Information supplied
'''

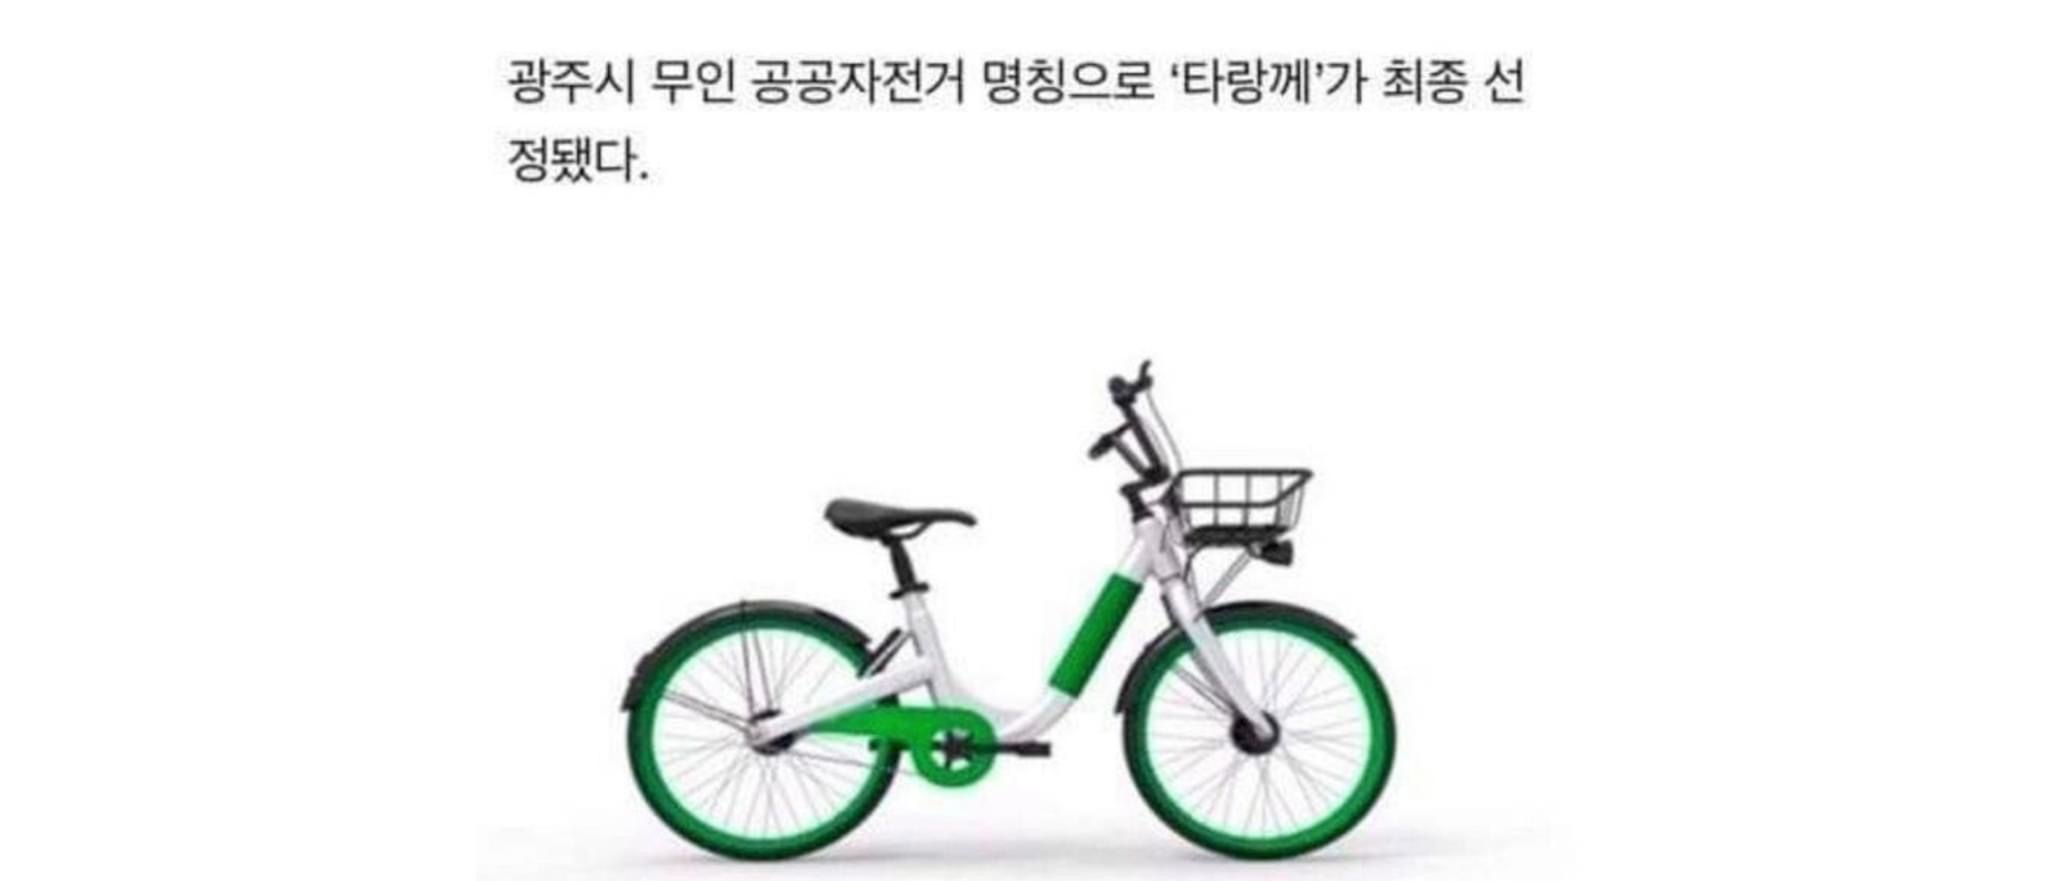 광주광역시 공공자전거 이름 '타랑께'로 채택됐는데 베플 ㅋㅋㅋㅋㅋ | 인스티즈
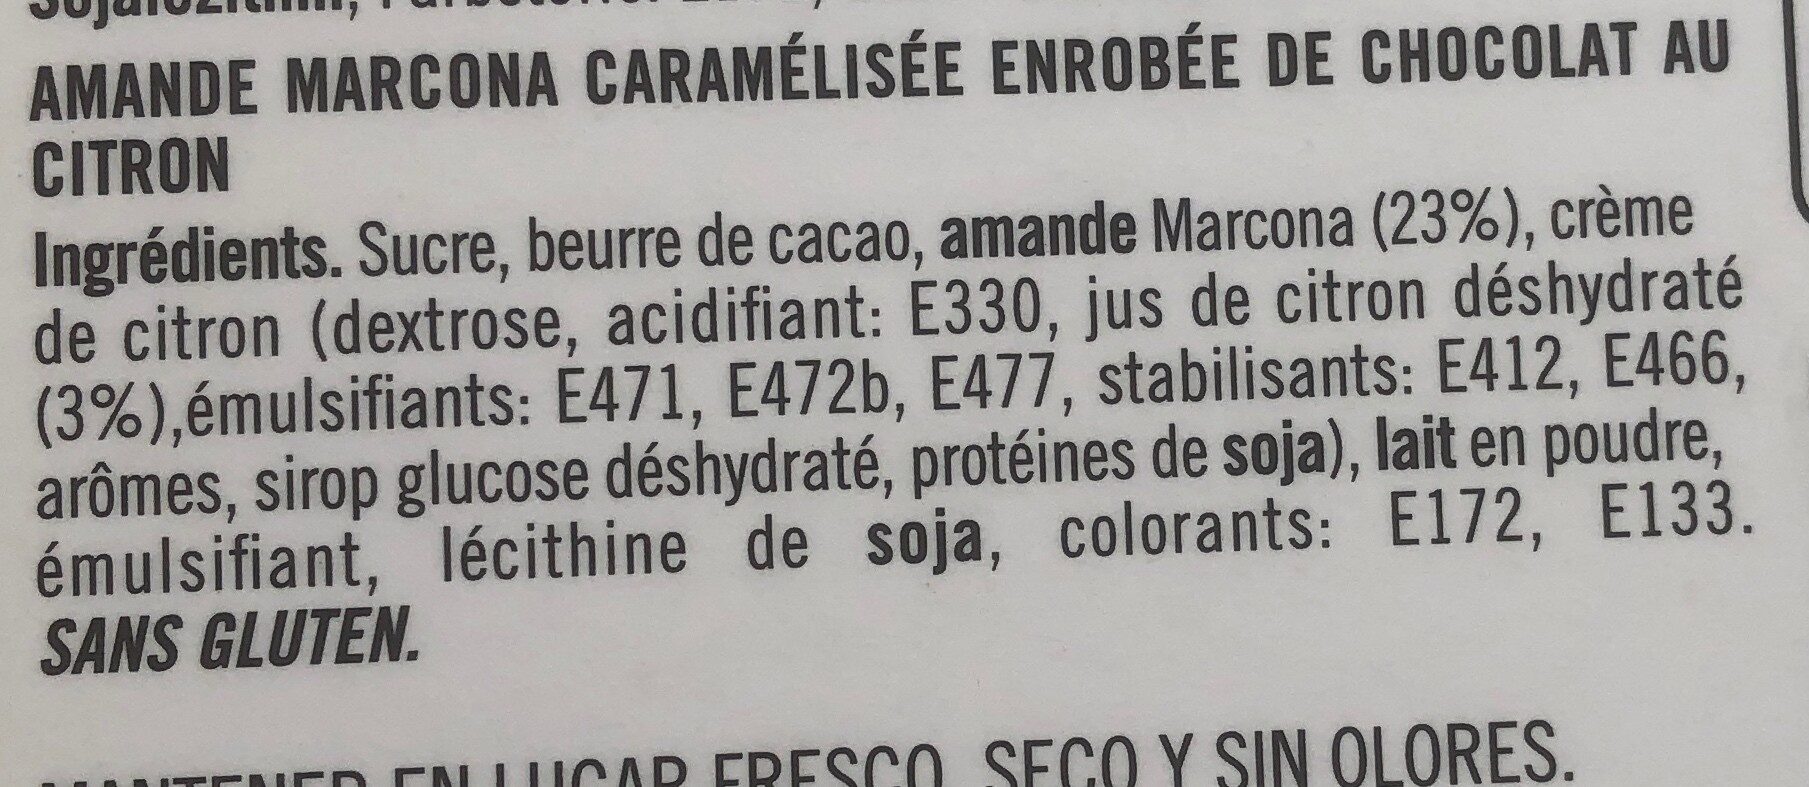 Catanies green lemon - Ingredients - fr
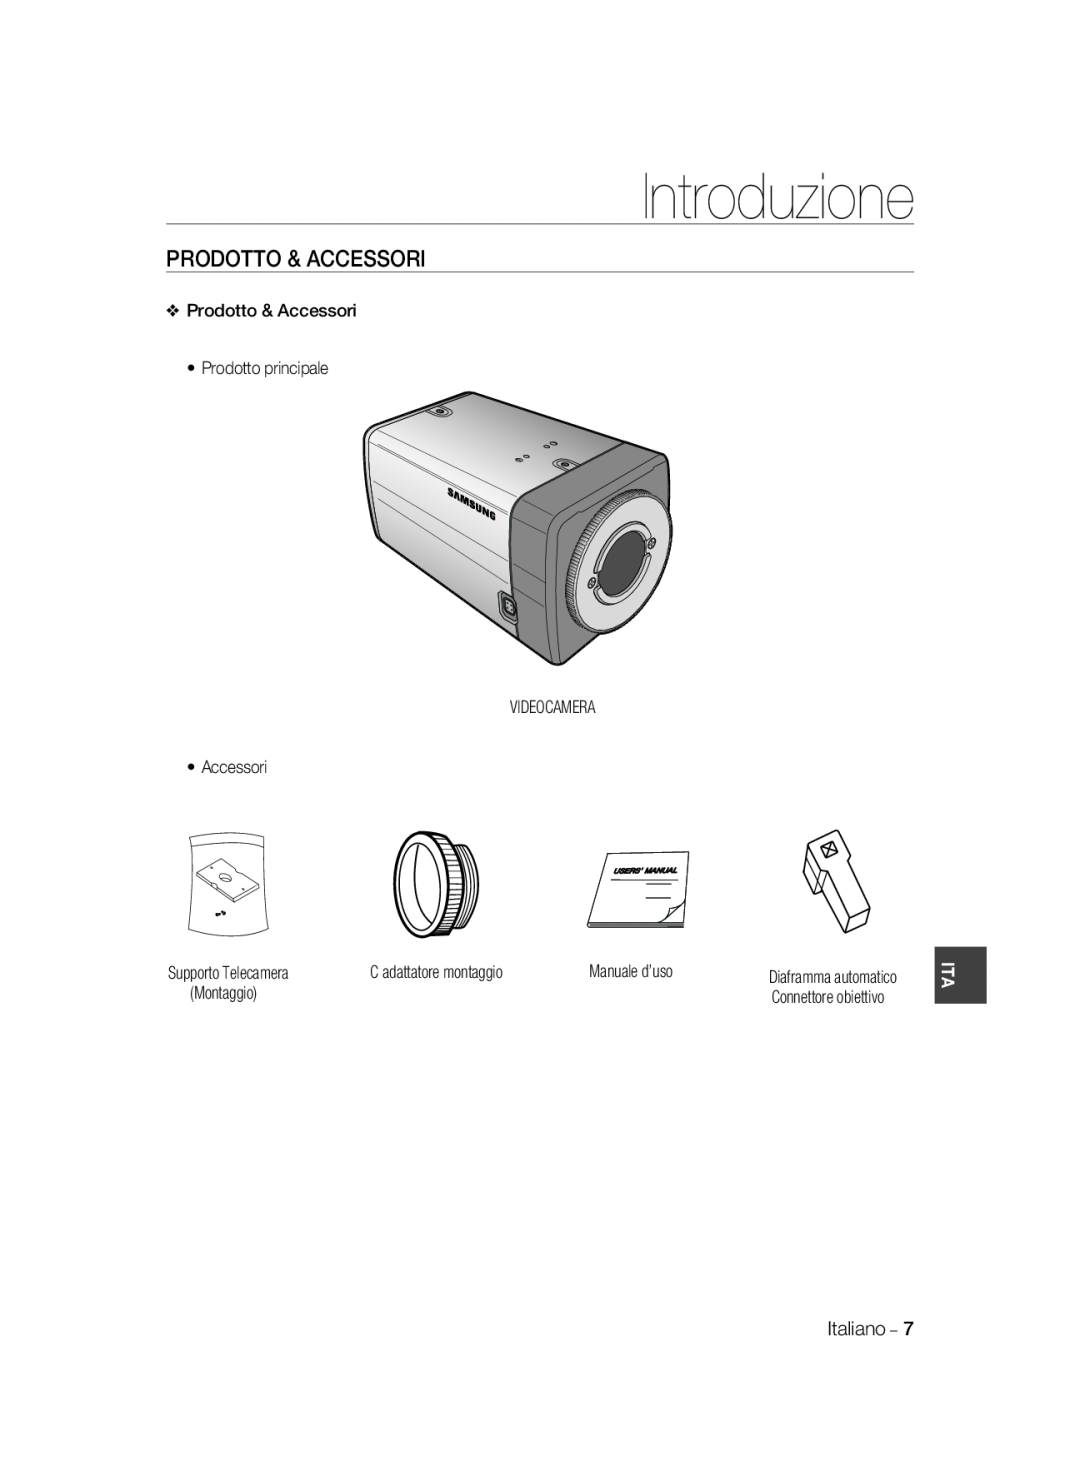 Samsung SCC-B2037P, SCC-B2337P manual Prodotto & Accessori, Introduzione, Connettore obiettivo 
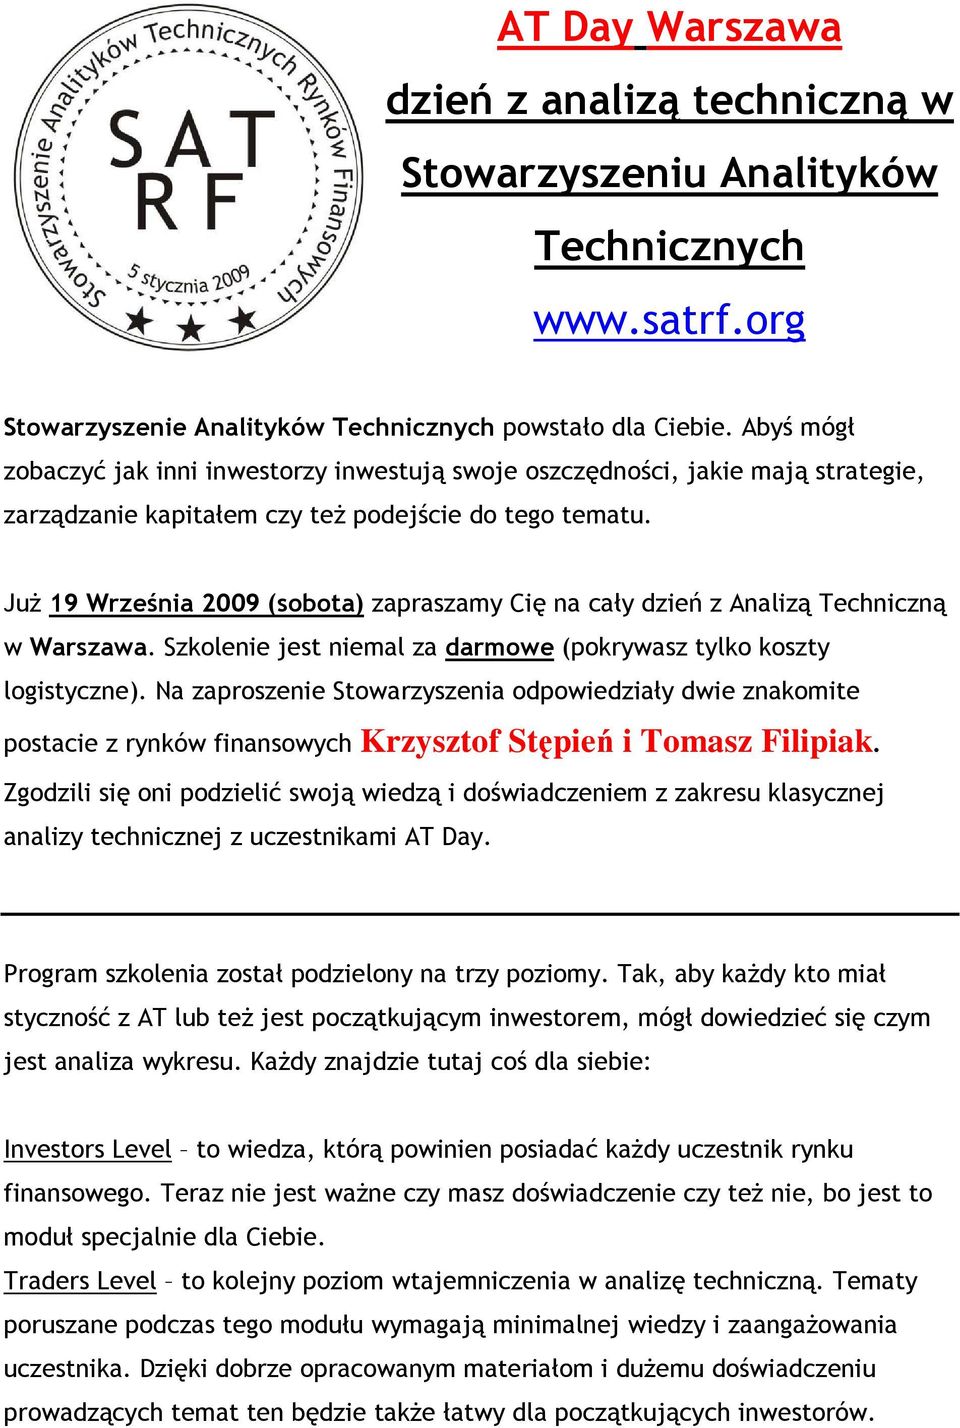 JuŜ 19 Września 2009 (sobota) zapraszamy Cię na cały dzień z Analizą Techniczną w Warszawa. Szkolenie jest niemal za darmowe (pokrywasz tylko koszty logistyczne).

'''

Task details
From the material above, write out exactly the lines from the line with "Samsung SCC-B2037P, SCC-B2337P" through the closing line, inclusive, and no pictures.

Result below
 Samsung SCC-B2037P, SCC-B2337P manual Prodotto & Accessori, Introduzione, Connettore obiettivo 
 JuŜ 19 Września 2009 (sobota) zapraszamy Cię na cały dzień z Analizą Techniczną w Warszawa. Szkolenie jest niemal za darmowe (pokrywasz tylko koszty logistyczne).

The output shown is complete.